A CEO da ONG Transparência Internacional, Maíra Martini, classificou a aplicação de sanções com base na Lei Magnitsky ao ministro Alexandre de Moraes, do Supremo Tribunal Federal, como uma “aberração”.
Para a diretora-executiva da organização anticorrupção, a decisão do governo Trump abriu um “precedente perigosíssimo”.
“O risco de uso político sempre existiu, mas essa decisão agora é o oposto do que a lei diz. Não se enquadra em nenhum dos motivos pelos quais ela foi criada. É uma aberração e abre um precedente perigosíssimo. O pior é que essa narrativa contra a sociedade civil, que vem do governo de Donald Trump, está se enraizando em muitos lugares”, afirmou Martini ao jornal O Globo.
Para ela, o que preocupa é que a Magnitsky era “uma ferramenta para alcançar justiça, principalmente em países em que o sistema está totalmente cooptado”.
“Podemos esperar qualquer coisa do governo americano. Não duvido que possam vir sanções à sociedade civil”, acrescentou.
Moraes aposta no recuo de Trump
À agência de notícias Reuters, o ministro Alexandre de Moraes, do STF disse acreditar que o próprio poder Executivo dos Estados Unidos, chefiado por Donald Trump, reverterá as sanções aplicadas contra ele com base na Lei Magnitsky.

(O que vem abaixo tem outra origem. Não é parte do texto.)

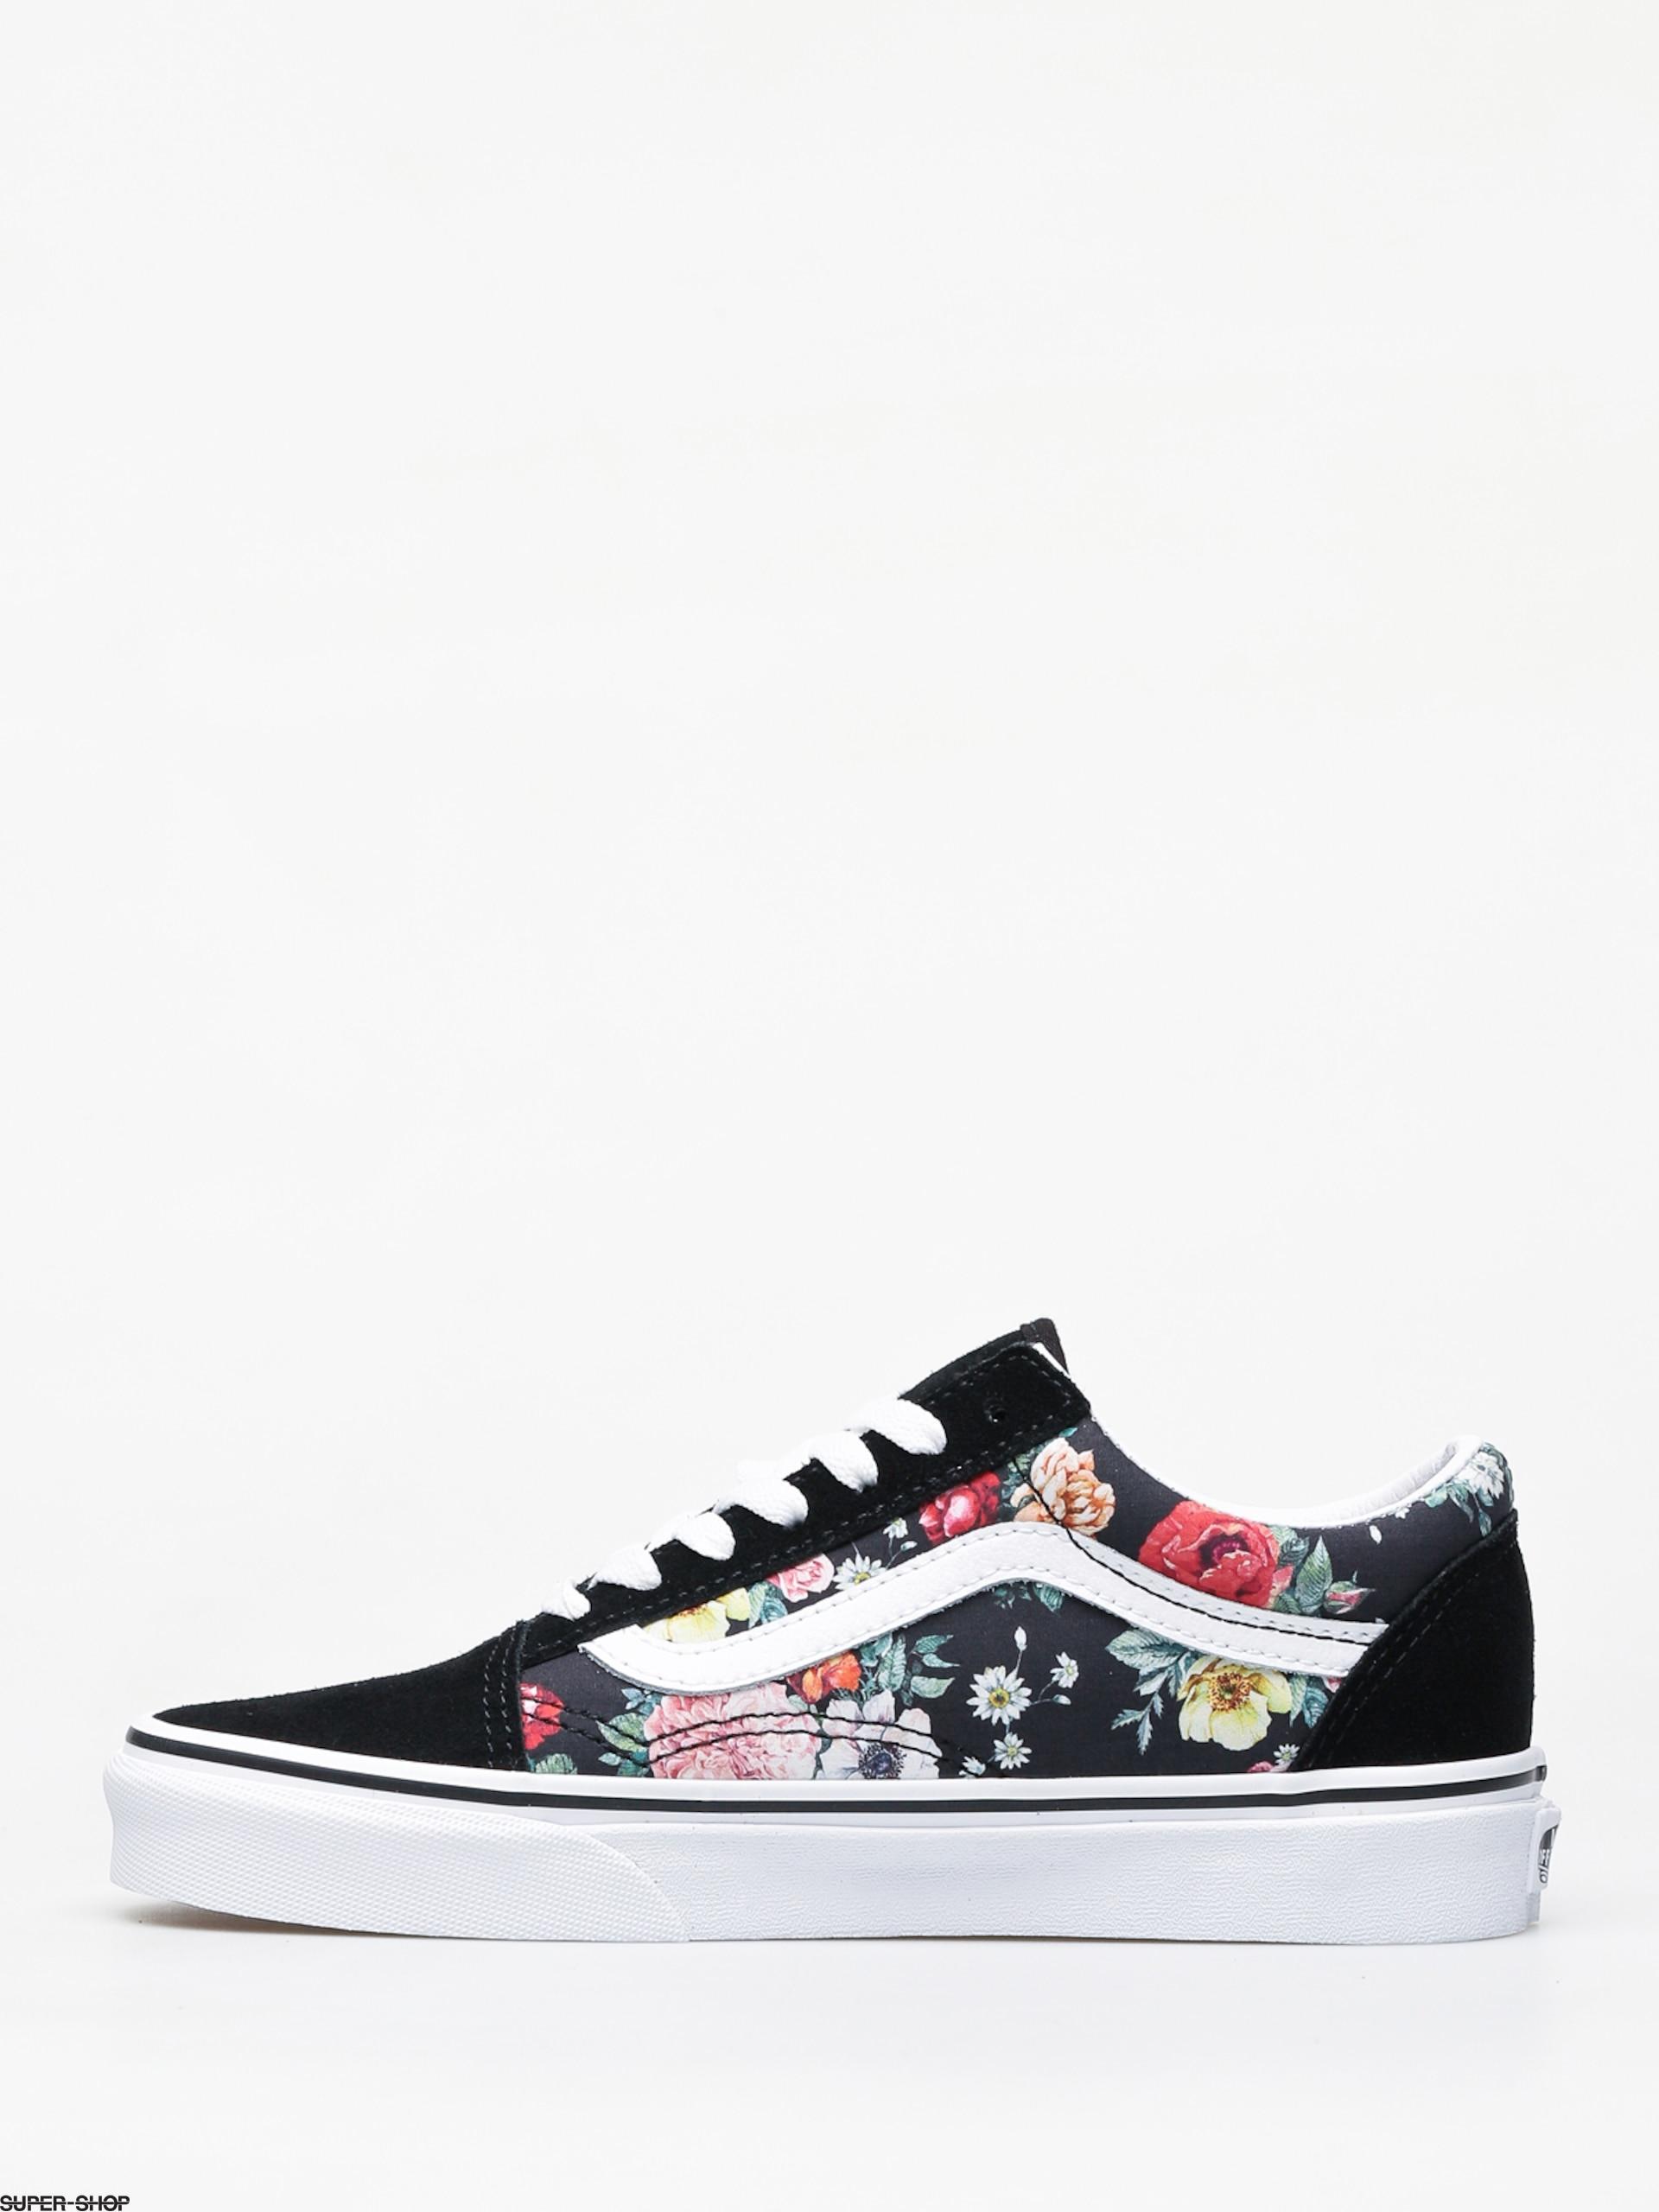 Vans Old Skool Shoes (garden floral

“Assim que as informações corretas forem repassadas, como está sendo feito agora, e as informações documentadas chegarem às autoridades americanas, acredito que não será necessária nenhuma ação legal para reverter [as sanções]. Acredito que o próprio poder executivo dos EUA, o presidente, as reverterá”, disse.
Questionado por que acreditava em um recuo do governo Trump sobre as sanções, Moraes afirmou estar ciente das divisões internas na Casa Branca que atrasaram as sanções.
“Houve relutância no Departamento de Estado e grande relutância no Departamento do Tesouro”, disse Moraes, sem explicar como recebeu a informação.
Moraes afirmou ainda que “uma contestação judicial é possível”.
“E ainda não encontrei um advogado ou acadêmico americano ou brasileiro que duvide que os tribunais a anulem. Mas, neste momento, optei por esperar. Essa é a minha escolha. É uma questão diplomática para o país”, acrescentou.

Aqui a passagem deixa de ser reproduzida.